• **SUPPLIED RECORDS**:
- Opening Delimiter -
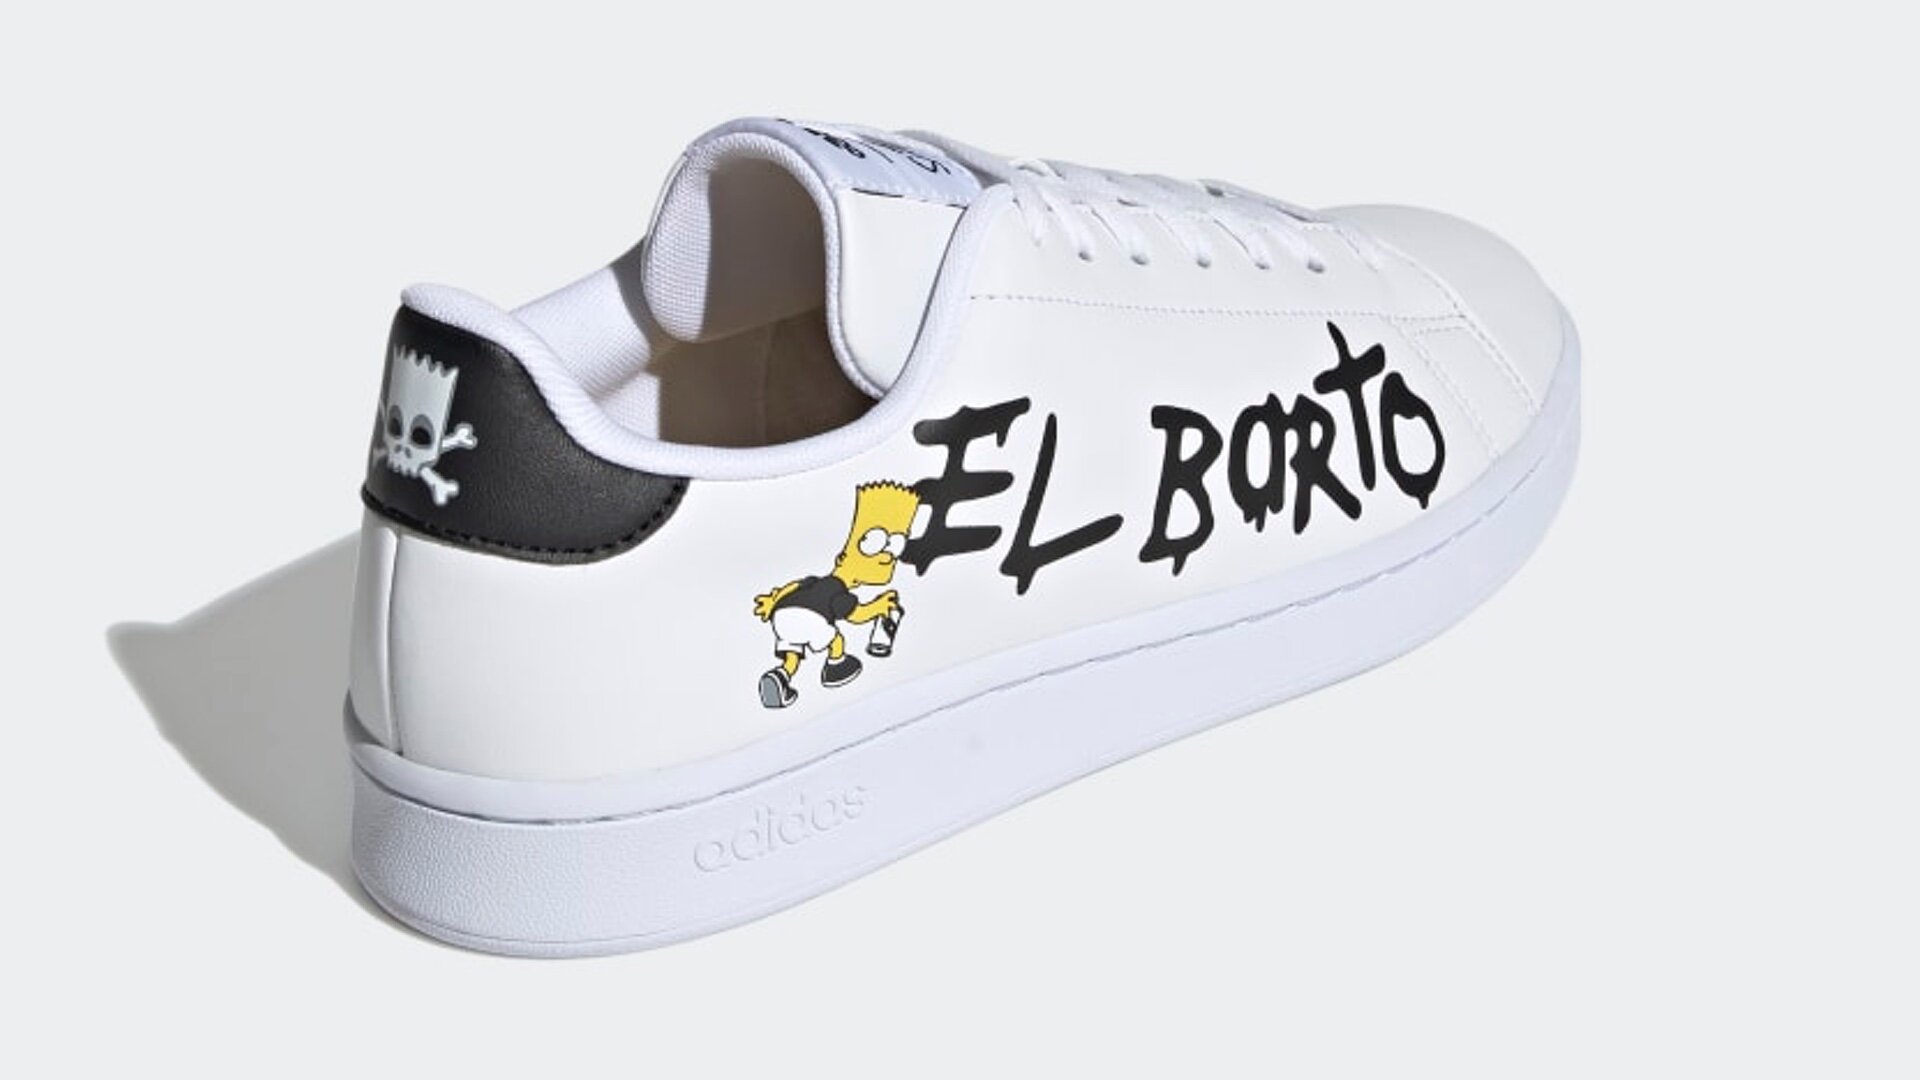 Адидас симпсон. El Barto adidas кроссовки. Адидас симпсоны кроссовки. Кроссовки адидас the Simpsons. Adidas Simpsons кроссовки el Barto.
- Closing Delimiter -
- Opening Delimiter -
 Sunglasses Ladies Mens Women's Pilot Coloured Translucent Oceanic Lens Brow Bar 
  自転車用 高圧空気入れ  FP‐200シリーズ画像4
- Closing Delimiter -
- Opening Delimiter -
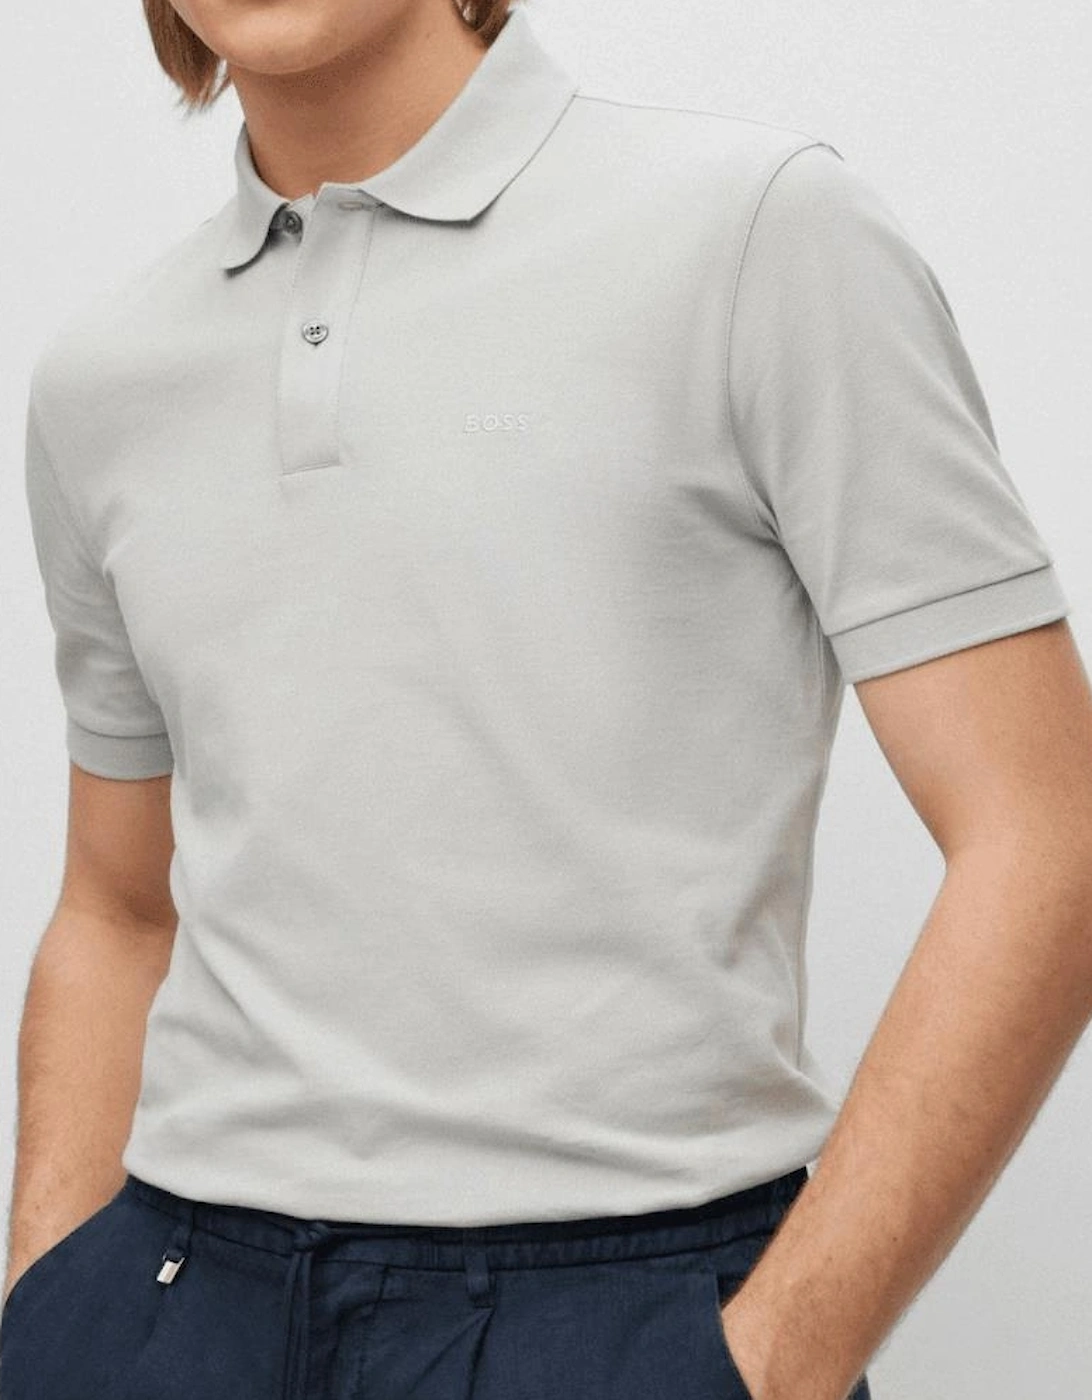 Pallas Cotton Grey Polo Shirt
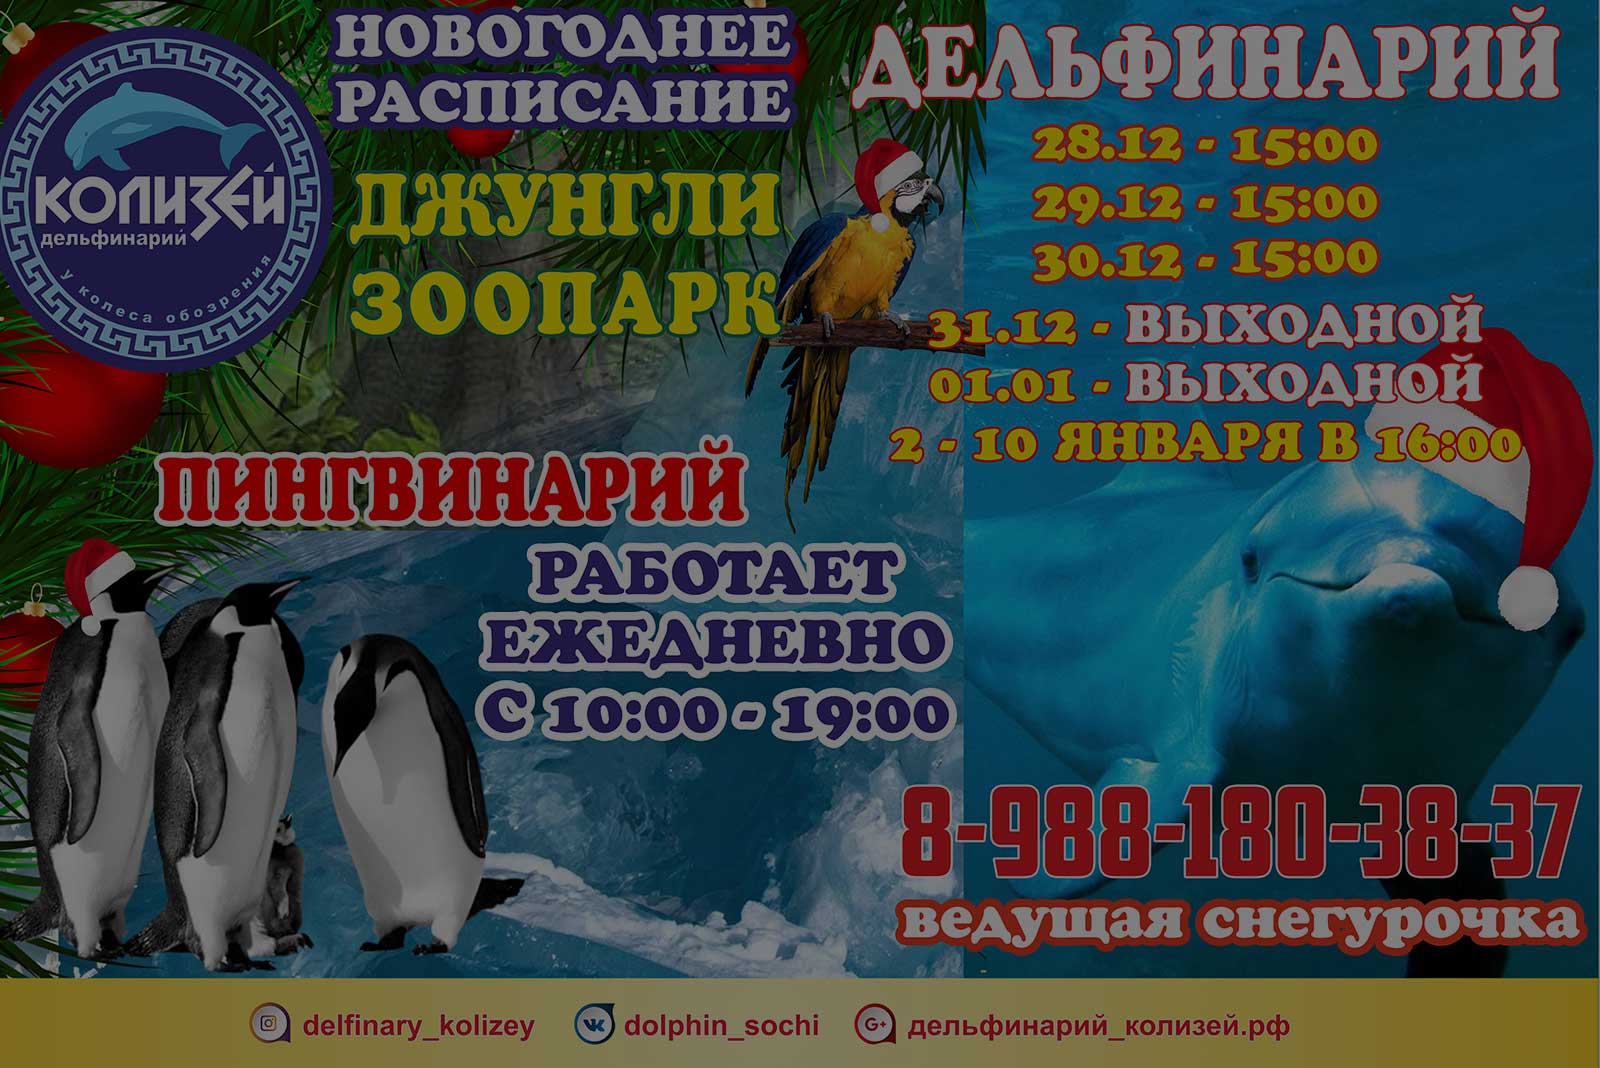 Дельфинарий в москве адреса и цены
- Closing Delimiter -
• **GOAL OF THE EXERCISE**: Everything from the line above that contains "Pallas Cotton Grey Polo Shirt" down to the line that contains "Дельфинарий в москве адреса и цены" must be reproduced exactly, both ends included. Omit the pictures.

• **REPLY TO THE TASK**:
 Pallas Cotton Grey Polo Shirt
 Дельфинарий в москве адреса и цены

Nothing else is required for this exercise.